HISTORICALLY, THE EUROPEAN BEAVER Castor fiber oc curred throughout the Western Palaearctic (Hartman 1996; Halley & Rosell 2002). By the beginning of the twentieth century, a relict population of no more than 1200 individuals remained in France, Norway, Poland, Russia and Sweden (Zurowski & Kasperczyk 1988). This substantial reduction resulted from the combined effects of changes in land use and hunting. The latter was either for fur (pelts) or for castoreum, a secretion of the scent gland believed to have medicinal properties (Nolet & Rosell 1998). During the second half of the twentieth century, beavers were re-introduced into many areas across Europe. In some countries, this resulted in popula­tions known to be self-sustaining (e.g. Estonia, Latvia, Lithuania and Poland), while the long term viability is less clear in others (e.g. Denmark, the Netherlands, Bel­gium, Spain, Czech Republic, Hungary, Slovenia and Slovakia) (Halley & Rosell 2002). The total European population is currently estimated at around 300,000 indi­viduals, but is not considered to be occupying all of its former range (Halley & Rosell 2002). There are also 12,000 American beavers C. canadensis established in parts of Scandinavia.

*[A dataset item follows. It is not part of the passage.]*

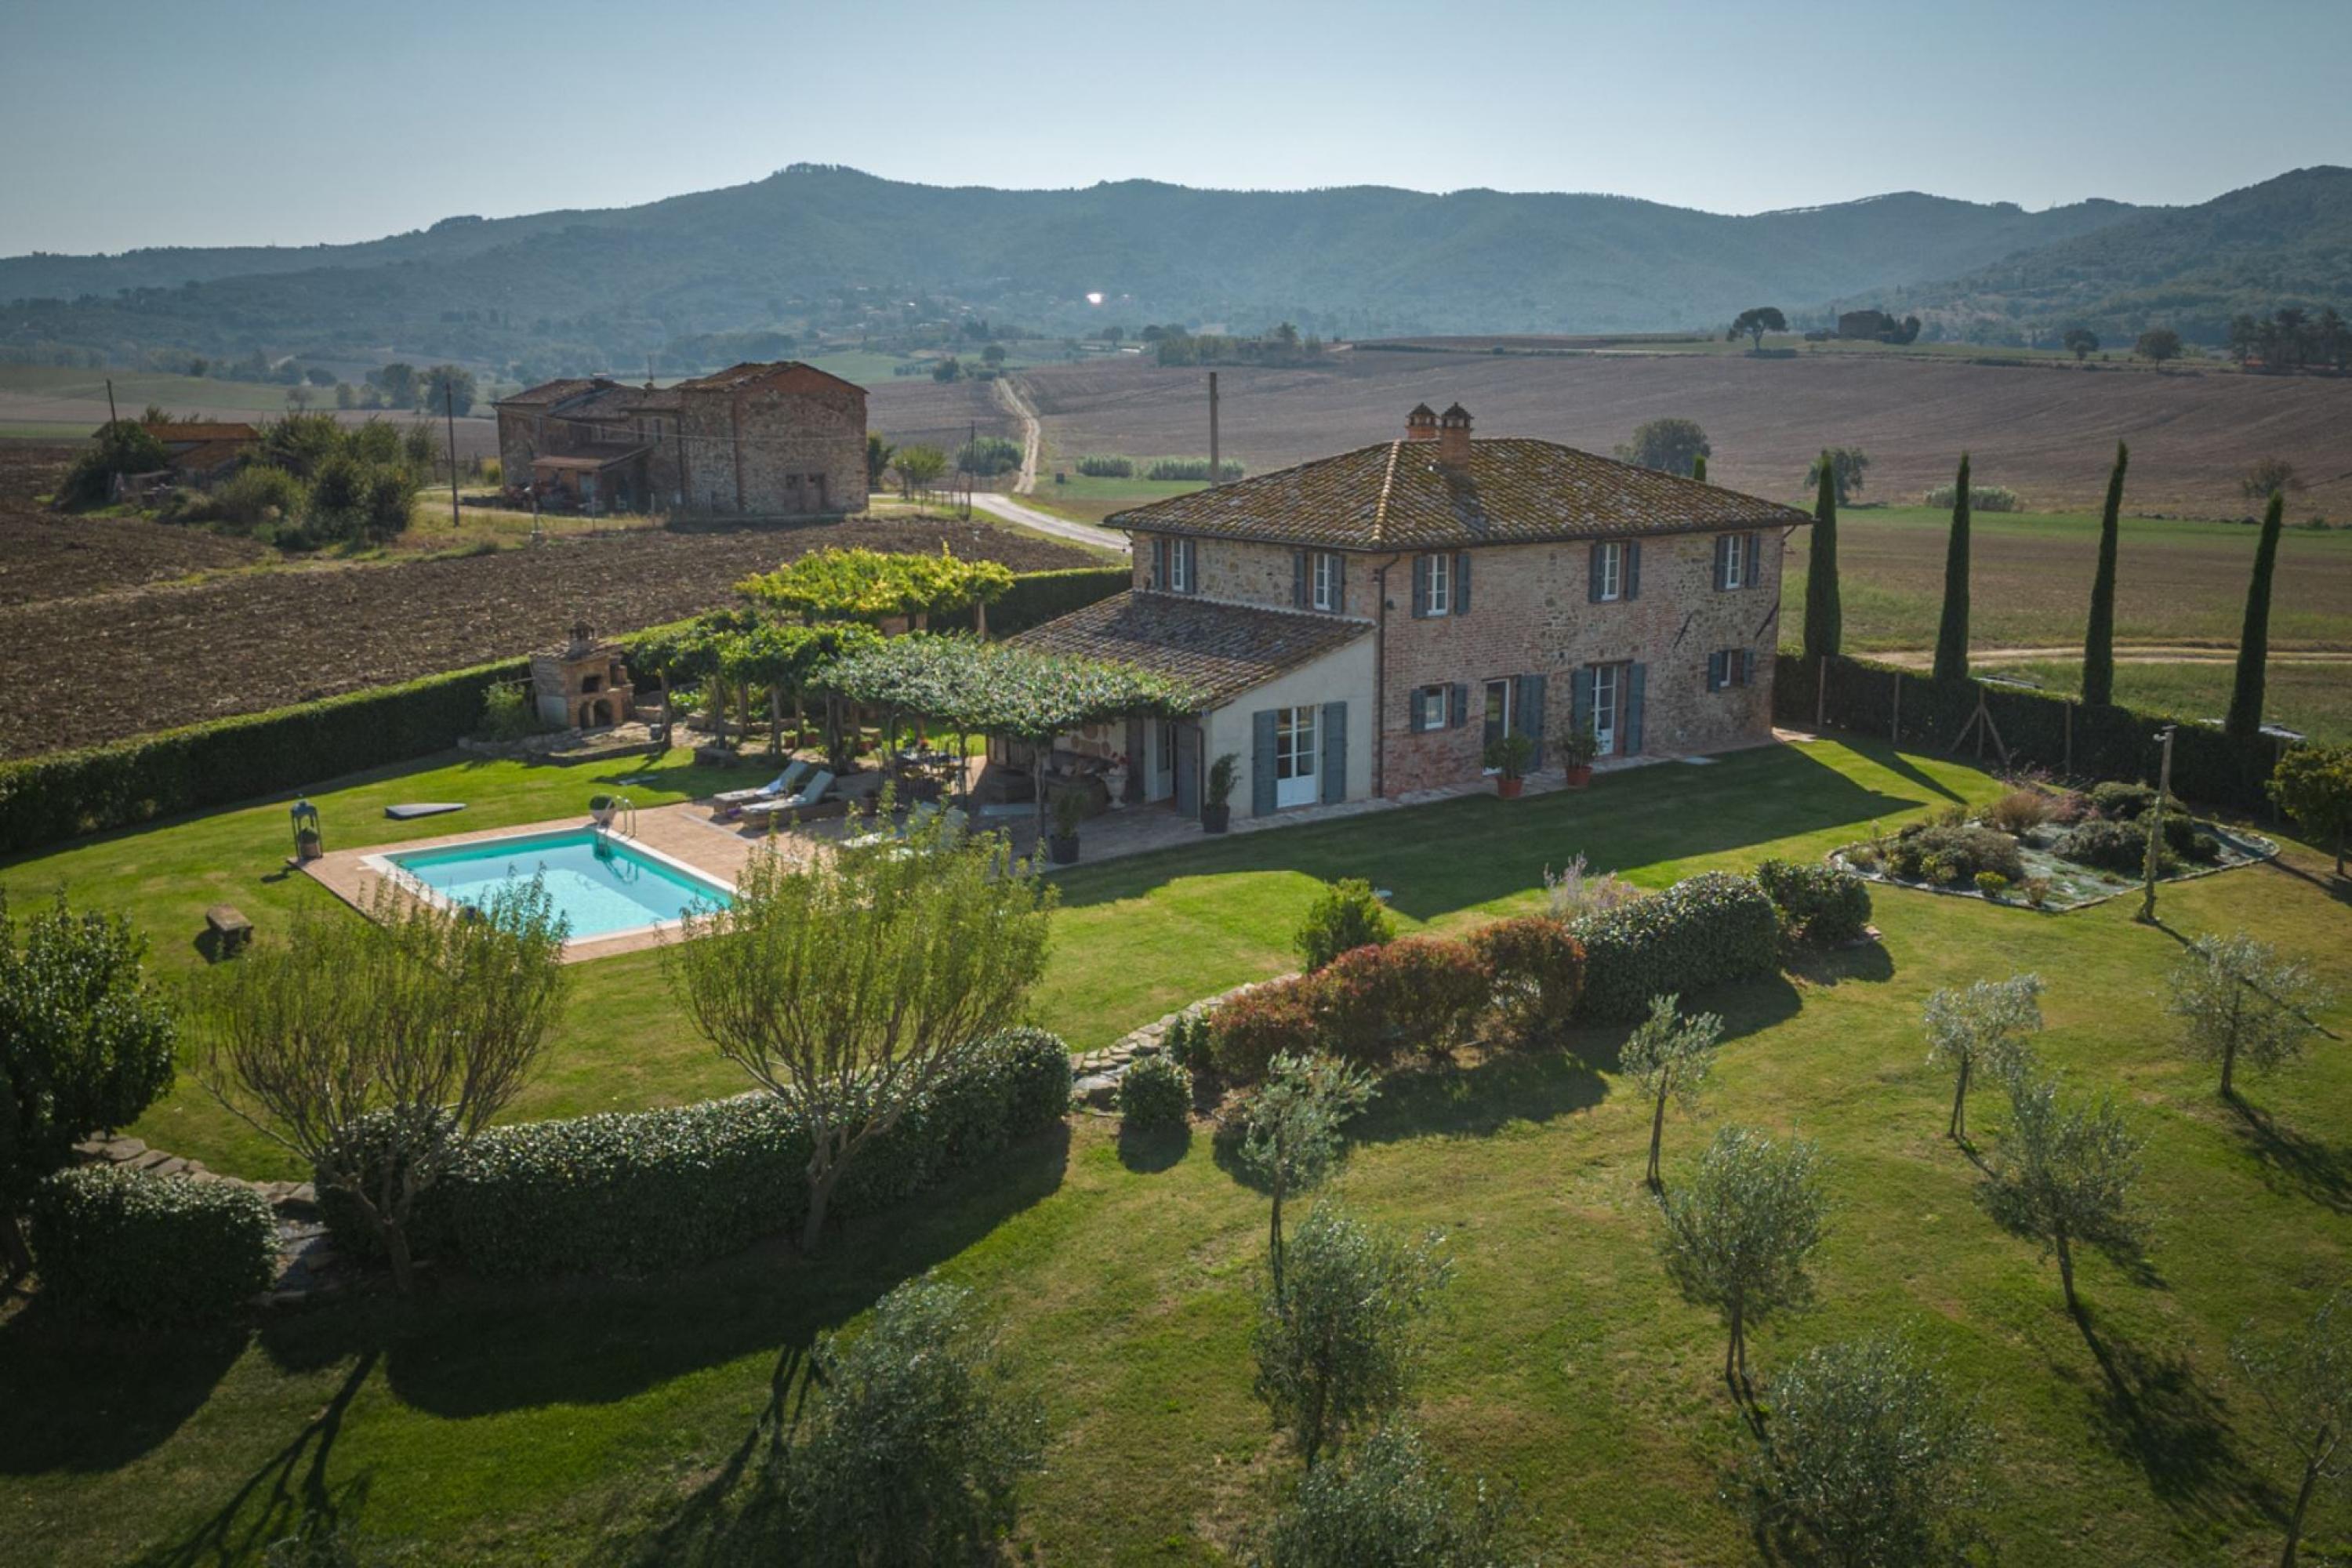 Property Image 2 - Casale dei Girasoli is immersed in verdant fields  on some of the most fertile and beautiful lands i-Casal

In the United Kingdom (UK), hunting exterminated the last recorded population from Scotland in the sixteenth century (South et al. 2000). The geographical isolation of the UK from mainland Europe means that beaver popula­tions cannot be re-established through dispersal. Since 1995, the UK government's statutory conservation agen­cies have been investigating the potential for beaver re­introduction under the auspices of Article 22(a) of the European Council Directive 92/43/EEC. The UK gov-ernment has taken a strategic approach to re-introduction, using pilot programmes where animals are released on the understanding that should 'problems' arise they would be removed (Morrison 2004). They have also as­similated the issues raised by the re-introduction experi­ences of other European states, and undertaken extensive public consultation on potential environmental damage and economic loss (Wigley & Garner 1987; Jonker et al. 2006). Negative perceptions about beavers often persist in human communities, despite evidence of only rela­tively benign impacts, often balanced by benefits to biodiversity and local economies (Johnston & Naiman 1990; Collen & Gibson 2001; Rosell et al. 2005). Part of this perception is a result of the functional 'keystone' role of beavers within local ecosystems. This can be viewed as causing environmental 'impact' by land owners and the general public (South et al. 2000; Rosell et al. 2005).

The issues associated with re-introduction of the beaver in the UK (welfare, viability, land owner percep­tions, dispersal, ecosystem impacts etc.), have given rise to a number of information needs in relation to the spe­cies' ecology, particularly feeding habits. This is impor­tant in understanding the forage requirements and local habitat interactions of re-introduced groups in the short and long terms. It is also important in addressing some of the negative perceptions of local people and land owners. Although there is an extensive body of research on bea­vers, much of this has been conducted in North America for C. canadensis. Relatively little work has focused on food preferences and size selection for C. fiber in differ­ent parts of its newly established range (Belovsky 1984; Rosell et al. 2005; Haarberg & Rosell 2006). In addition to the re-introduction activities of statutory agencies, re­cent efforts in Europe have also involved 'private' indi­viduals undertaking release programmes under licence. Beavers are known to be able to feed on a very broad range of non-woody vascular plants (Parker et al. 2007), and so will have different diets at different sites. This study therefore focused on the use of tree species. Trees are felled by beavers for both food and construction of lodges, and the types and sizes of trees felled can have an impact on local ecosystem diversity and processes (Nolet et al. 1994; Hartman 1996; Haarberg & Rosell 2006). The present study was designed to answer two key questions in relation to the re-introduced beavers: (1) which tree species and size classes are most frequently utilised?; and (2) do the utilised species and size classes reflect resource availability within the home range?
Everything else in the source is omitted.